Trask ran the Raiders' non-football operations. She started with the team as an intern while earning her law degree at the University of Southern California when the Raiders were in Los Angeles and went to work for the team full-time in the legal department in 1987. Davis promoted her to CEO in 1997, and she became his most trusted and loyal executive. His support of her was unwavering. Trask represented the franchise and Davis at NFL owners' meetings and was often the voice of reason for a man who could be notoriously unreasonable.
Trask gives all of the credit for her success to Davis, who had a long history of hiring minorities for top positions, including head coach and general manager.
"I had the privilege of working for a man who for many decades hired without regard to gender, race, religion, ethnicity or other distinguishing characteristics," Trask said in an email. "While that happens more now than it did over 25 years ago when I was hired on a full-time basis, the diverse and inclusive environment which Al Davis cultivated is still a rare and precious environment in which to work.

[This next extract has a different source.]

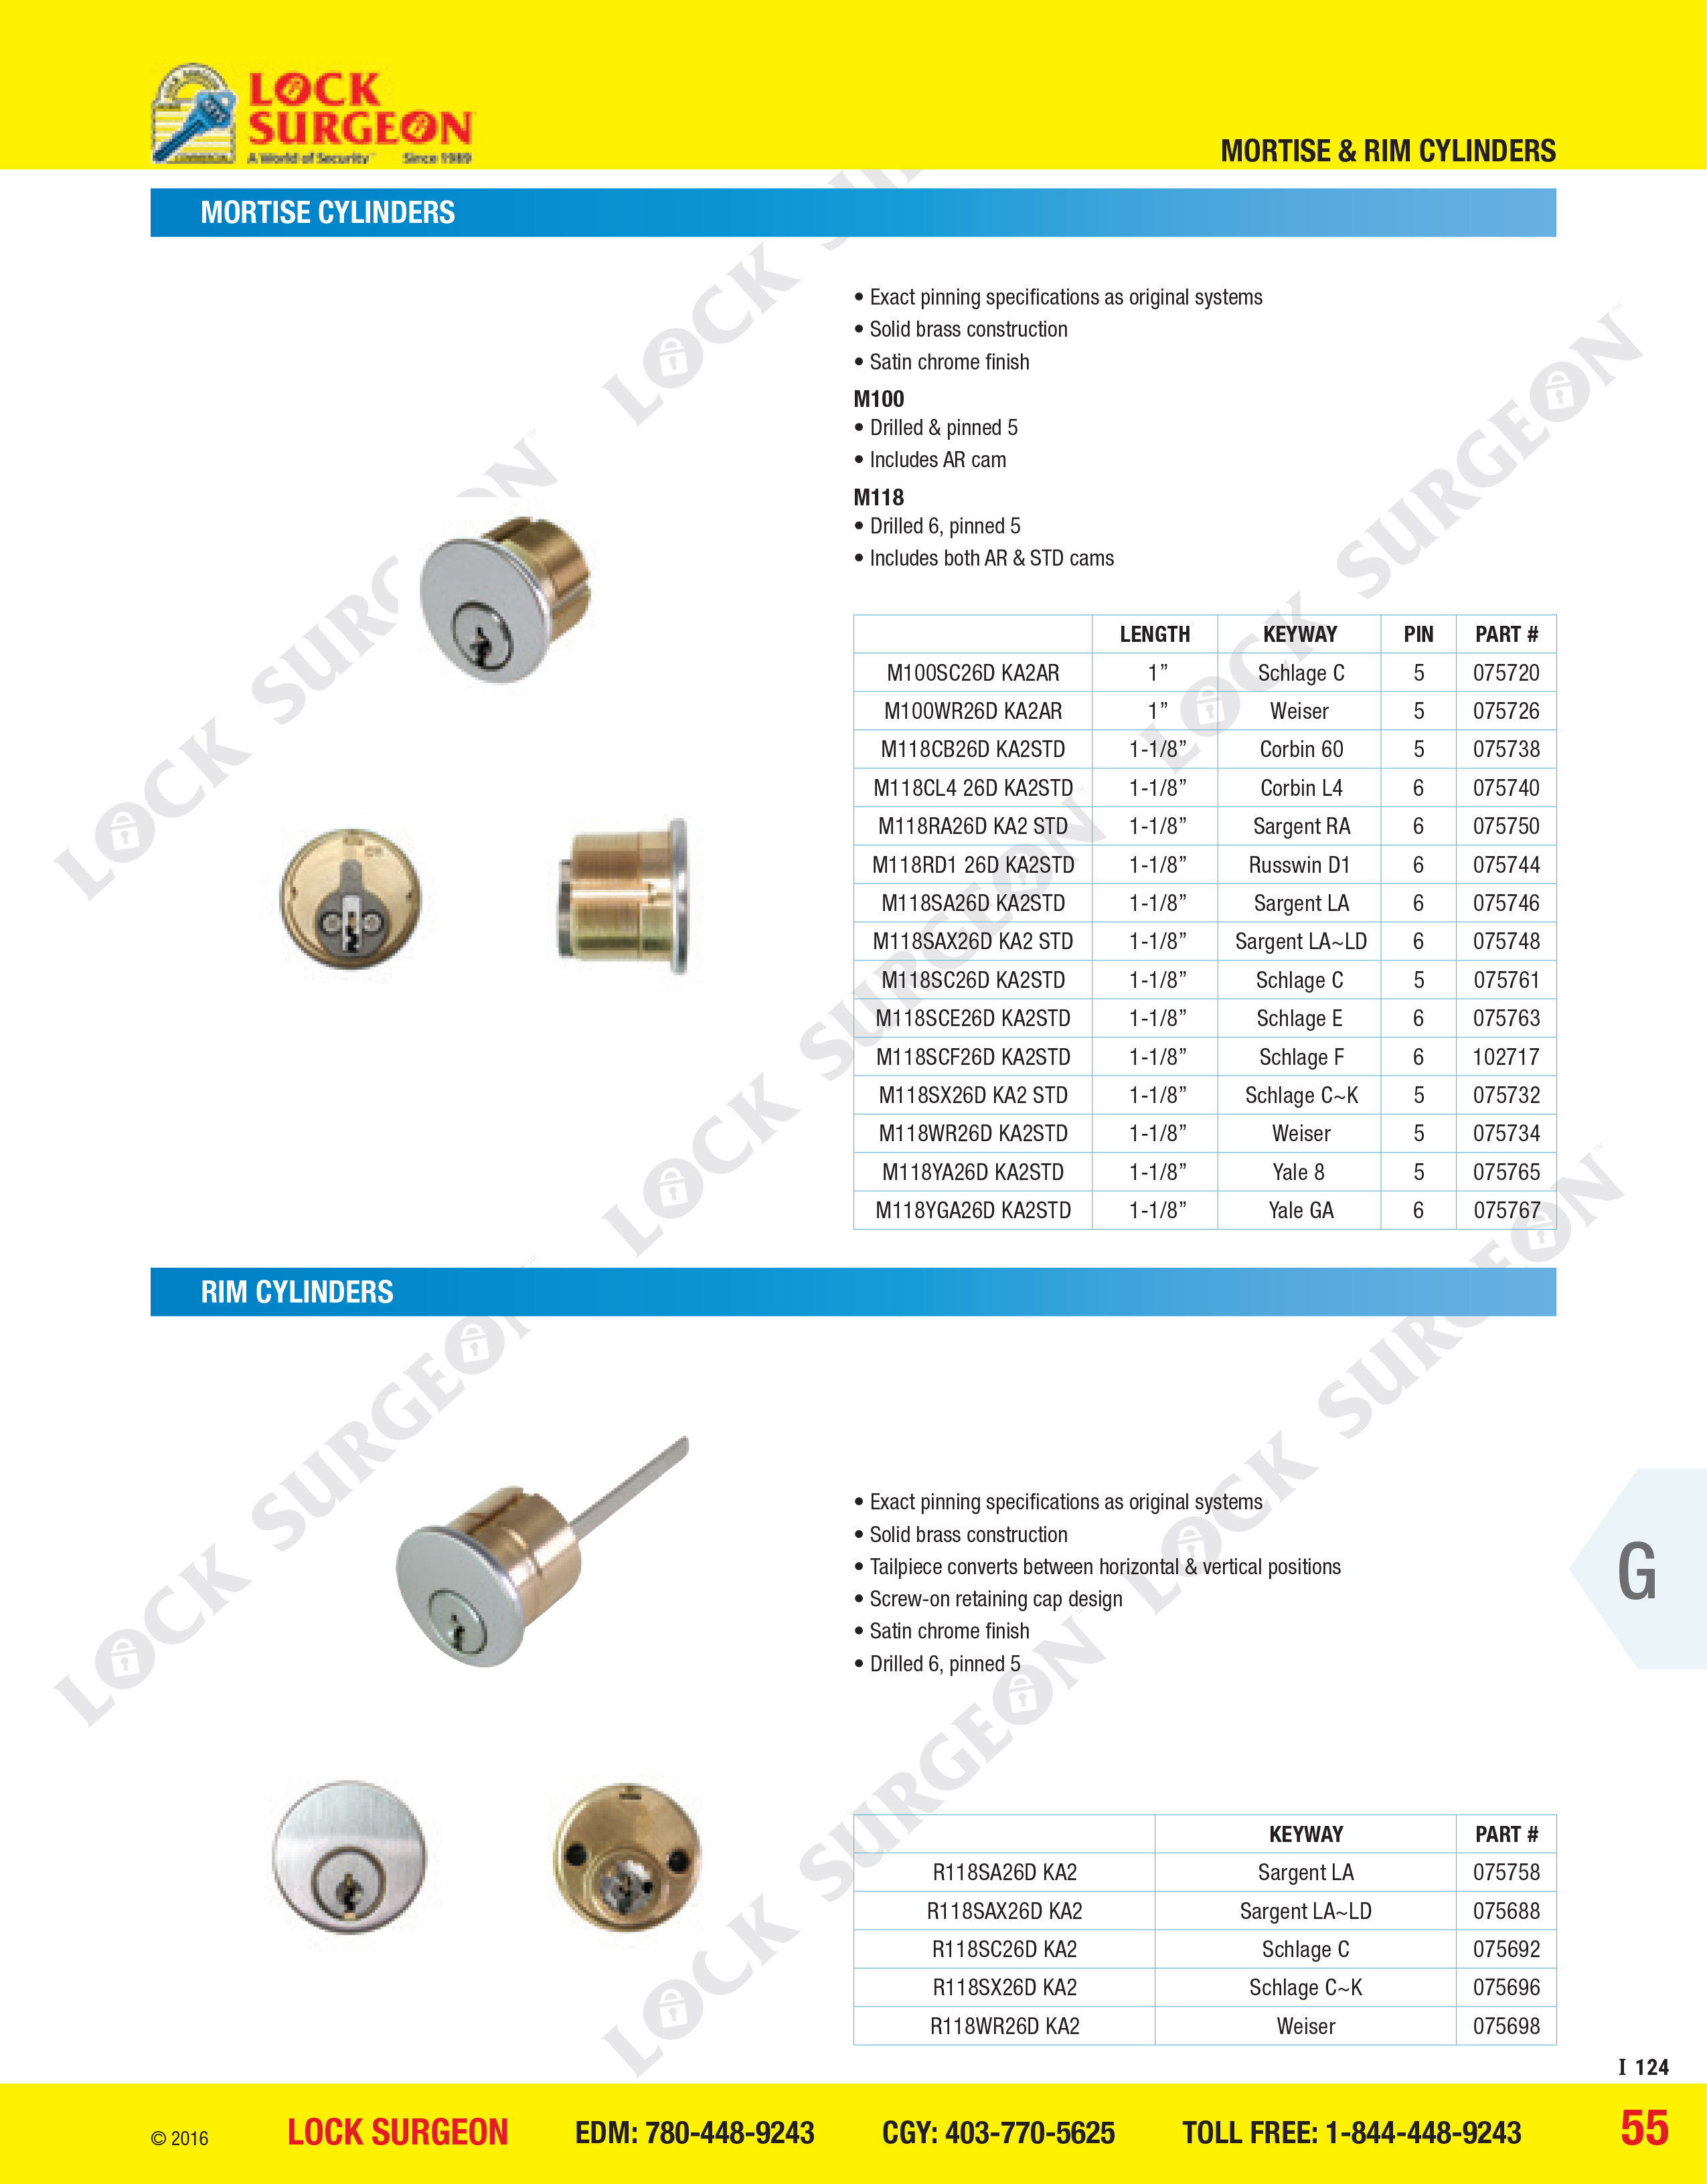 Morinville GMS mortise and rim cylinders solid brass construction satin chrome finish.

I note this because I appreciate that many people don't have the privilege or luxury of working in such an environment."
Trask doesn't like to talk about gender -- hers specifically -- and I don't blame her. Being a female in a male-dominated business is not without its headaches and hiccups. We've all had them. Like most women I know in and around the NFL, Trask doesn't want to be judged as a female in the industry. She wants to be judged as a person.
Nevertheless, it is undeniable that Trask is a pioneer because of her gender.

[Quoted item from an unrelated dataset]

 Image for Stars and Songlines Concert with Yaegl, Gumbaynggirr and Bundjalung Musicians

"It is my view that if I do not want my gender to be an issue, the last thing I should do is consider my gender an issue," Trask said. "In other words, if I want to be regarded, to be evaluated, to be considered without regard to gender, then I should comport myself without regard to gender."
It is a valuable lesson.
The NFL clearly could use more owners like Davis, who never shied from taking a chance on someone. At Wharton, several team executives talked about building the pipeline for minority candidates -- in this case those who aspire to be head coaches or general managers -- so that the pool of qualified candidates grows.

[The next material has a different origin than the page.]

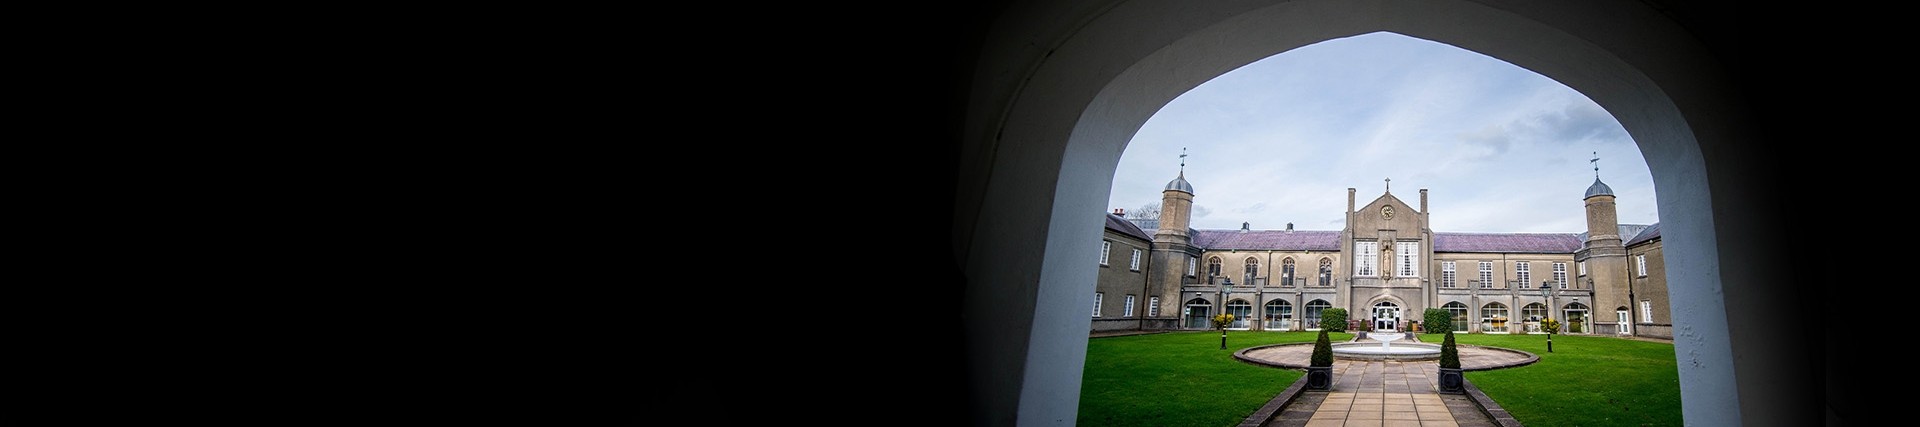 View of the Lampeter old building through an archway

That needs to be done for women, too. Owners have to be willing to extend opportunities to qualified people regardless of race or gender the way Davis did for Trask. She was qualified. She proved she could handle the demands of the job.
Trask undoubtedly will have other opportunities in sports if she so chooses. Another NFL franchise would benefit from having her. Trask was a shrewd negotiator and a respected member of the NFL fraternity. To use Tomlin's word, it is alarming there are not more women like her. There should be.
"People often ask me if there will be more women in executive positions in the league," Trask said. "I hope at some point a woman will buy a team."
That's a lofty goal. A reasonable start would be having owners identify women with potential and help groom them for executive positions. The league is doing that for other minorities. It should do it for women, too.